A CRYOGENIC refrigeration system capable of generating temperatures as low as -271 degrees Celsius is part of the world's biggest science experiment- the Large Hadron Collider.
First reported in ACR News magazine in December 2007,
the central part of the Large Hadron Collider is the world’s largest fridge and is colder than deep outer space.
The LHC, a massive particle accelerator, was built at the CERN physics laboratory near Geneva and is contained in an underground tunnel (17 miles in circumferance). A liquid helium refrigeration system is used to cool the LHC's circular tunnel, which crosses the border between Switzerland and France at four points.
On September 10, scientists at the LHC sent two beams of protons travelling at almost the speed of light in opposite directions along the tunnel to create a head-on collision between the two beams.
The LHC tunnel contains two pipes enclosed within 'superconducting' magnets, with each pipe containing a proton beam. The tunnel must be cooled down to -271°C in order for the LHC’s superconductive magnets to remain superconductive and guide the two proton beams around the LHC ring route as they travel at almost the speed of light.

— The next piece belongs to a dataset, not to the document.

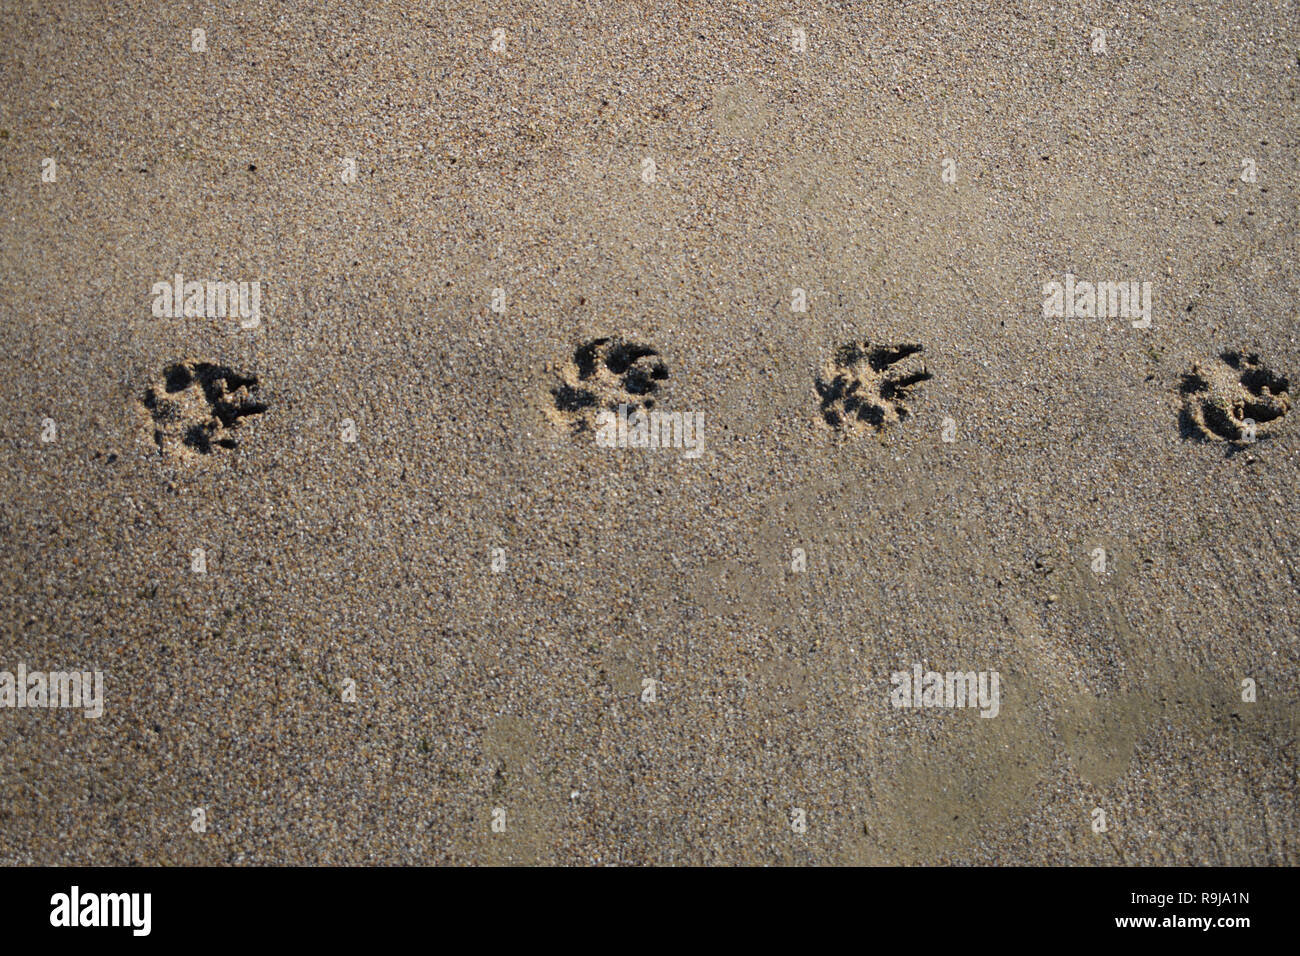 traces of paws and hands on the sand. dog tracks, human tracks Stock Photo

The two beams are directed around the ring by magnets to four points where collisions between the two beams can take place.
The superconductive magnets sit in a 1.9K bath of superfluid helium at atmospheric pressure.
It is cooled by low pressure liquid helium flowing in heat exchanger tubes threaded along the string of magnets.
Refrigeration power equal to more than 140kW at 4.5kW is distributed around the underground ring.
Linde supplied each of the LHC's eight 4.5kw refrigeration units which incorporate a pumping system to divide the temperature by 2.5 in order to achieve the 1.9K.
To achieve a pressure of 15 millibars, the system uses both hydrodynamic centrifugal compressors operating at low temperature and positive displacement compressors operating at ambient temperature.
Approximately 96 tonnes of liquid helium is needed to keep the magnets at their operating temperature of -271°C (1.9 K), making the LHC the largest cryogenic facility in the world at liquid helium temperature.
Scientists behind the LHC hope to learn how matter behaved a fraction of a second after the Big Bang. They hope the LHC experiments will answer questions such as what gives matter its mass, what the invisible 96% of the universe is made of, why nature prefers matter to antimatter and how matter evolved from the first instants of the universe’s existence.